Пламя изгрызает толстый сук, он распадается, брызжа искрами.
— Проку от этих комиссий. — Худой скашивает на меня глаза; они желтоваты, а веки воспаленно толсты. — Вот в навоз нашего брата — это вполне сознательно, хотя и без злобы. Товар мы бросовый: бабы-то на что? Понесут новых. Копейка
Я смотрел на этого человека свысока, почти как на убогого. Откуда в нем такой градус неприятия? Что он несет? Вот таких наш взводный в училище называет отщепенцами.
— …а Некрасов перед смертью исповедовался: пьяному эта Россия в радость. Вру? Возьмите, гляньте воспоминания Кони. Был такой деятель судебной реформы… Да, пьяному только и вольготно на Руси. Степень нашего пьянства всегда была в прямой зависимости от степени свободы. Это еще Прыжов доказал в своих «Очерках по истории кабачества». И крамола вся от кабаков, в кабаках затевалась. Густо спеклось с этим пьянством и горе. И уж в привычку. Так сказать, одна из форм бытия.
Чувствуется, этот человек знает гораздо больше, но разумеет, здесь его знания пусты, да и не верит с некоторых пор в силу знаний.
— Опять тебя! — Безногий тужит шею. — Нельзя пить, Миша. Ты ж на одно нацелен!
— Я пью? — Худой в смешке тычется подбородком в отворот пиджака и тут же с какой-то привычностью и в то же время недоброй иронией начинает бубнить: — Закон единства и борьбы противоположностей характеризует источник развития, переход количества в качество — механизм развития, а закон отрицания отрицания схватывает развитие в его направлении, результате… — Он мягко смеется. При этом кожа на лице коричневой пленкой натягивается по костям.

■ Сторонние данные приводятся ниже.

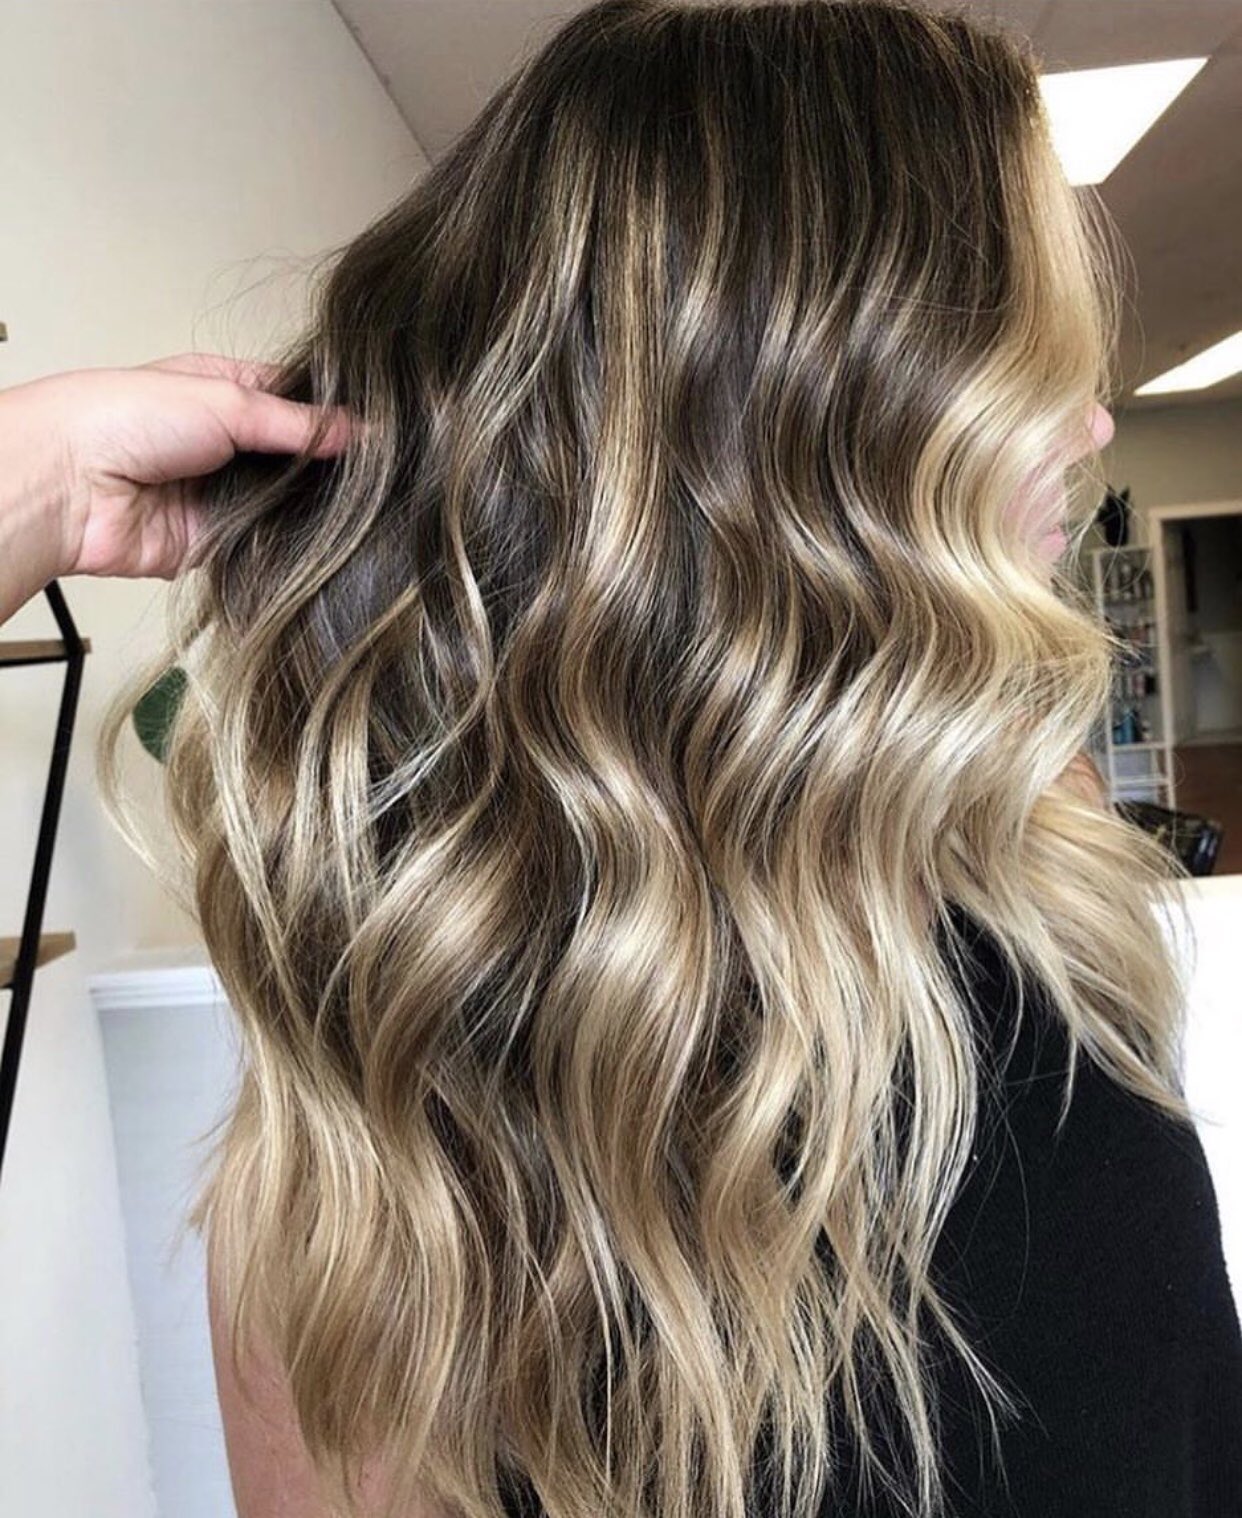 Olaplex on Twitter: "Reliving the last days of summer ☀️ with this incredible dimensional color! Anyone else lost in these healthy waves? 🌊 . Hair by: Protected with: @olaplex #olaplex #balayage #
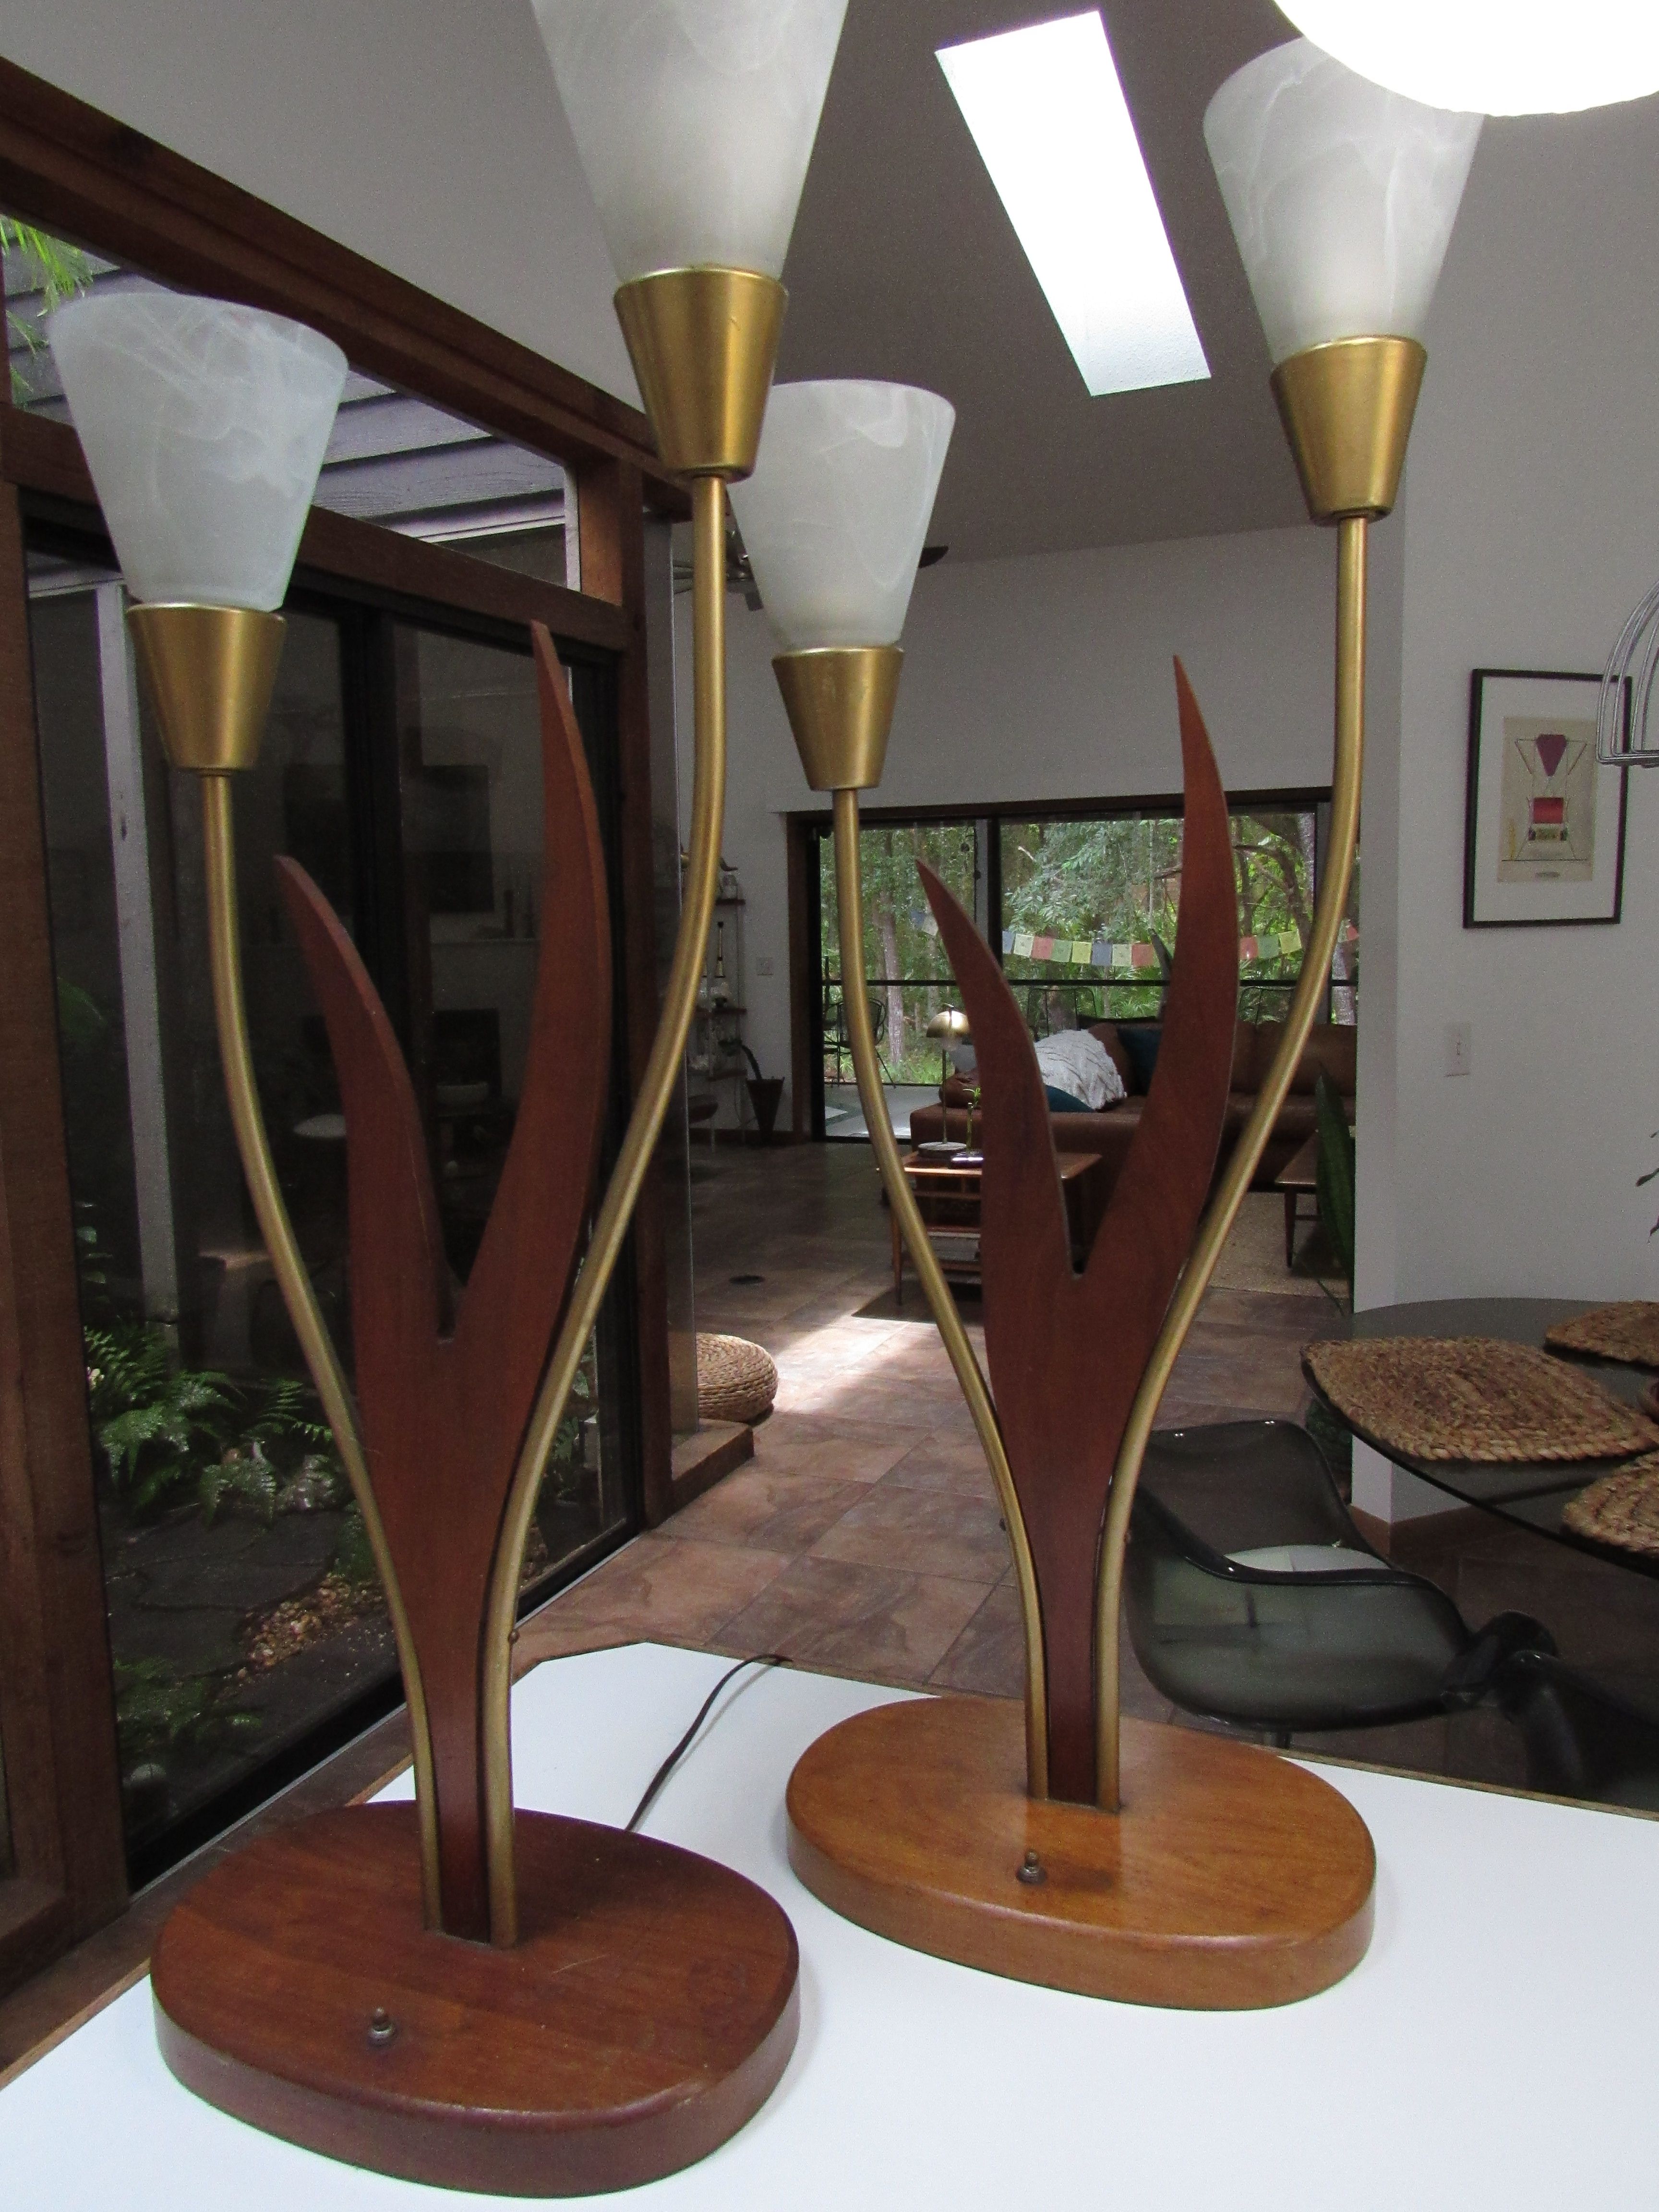 1960's mid century modern wood glass TALL big LAMPS table lamp PAIR lighting eames era gold brass Vintage retro collectible

— Затюкан ты книжной дурью! — Безногий смазывает пот со лба. — Ну что зыришься?! Порча от этих книг! И лыс потому. Эх, мужик!
— Степенью образованности и культуры является ограниченность пьянства в обществе, а степень культуры, культурности есть производная от свободы вообще…
От всего случившегося я застываю в одном положении и теперь начинаю чувствовать солнце. Оно на спине и затылке, и непомерно горячее.
Худой вдруг смотрит на меня, будто узнает что-то. Забытое узнает, давнее… Потом расслабляется и, закрывая глаза, опускается на спину, надвигая на лоб «заклепку». И странное дело: мне легче. Будто безнадежно больной снял заботы с меня и других. Так привлекательны перепела, тяжеловатый жар степи, приволье — я забываю все! Может быть, не хочу помнить. Жить — только жить! К черту слабых!..
За спиной деда Ивана проблески воды: это наши озерца — берега не топтаны. И тут я догадываюсь, отчего здесь столько птицы. Держатся воды. Но разве вода серая? Нет, отливает тускло, почти в цвет берегов. И отражение солнца не ярко, расплывчато-вязко. Перекатило за гребень дня, однако по-прежнему яро заваривает воздух на зное. Мне кажется, воздух проседает зноем. Но в то же время он чист и легок в дыхании.
— А, верно, бедовал при царе, с того, шо раскол завелся, такой юродивый, — Архипыч? — спрашивает меня дед Иван.
Я пожимаю плечами.
— На книги променял степь твой племяш, — Безногий разнеженно улыбается на солнце. — Ишь шарашит, лупоглазое!
— Да хиба ж вин выбирав? — Дед Иван не шибко переменился и после второго стаканчика, хотя даже худой заулыбался и занялся перепелами. Он обгладывает их отталкивающе суетливо. Иногда отпадает от кастрюли и смотрит на степь. И тогда его лицо мякнет и выступает как бы второе — очень спокойное, без затравленности. Совсем мирное лицо.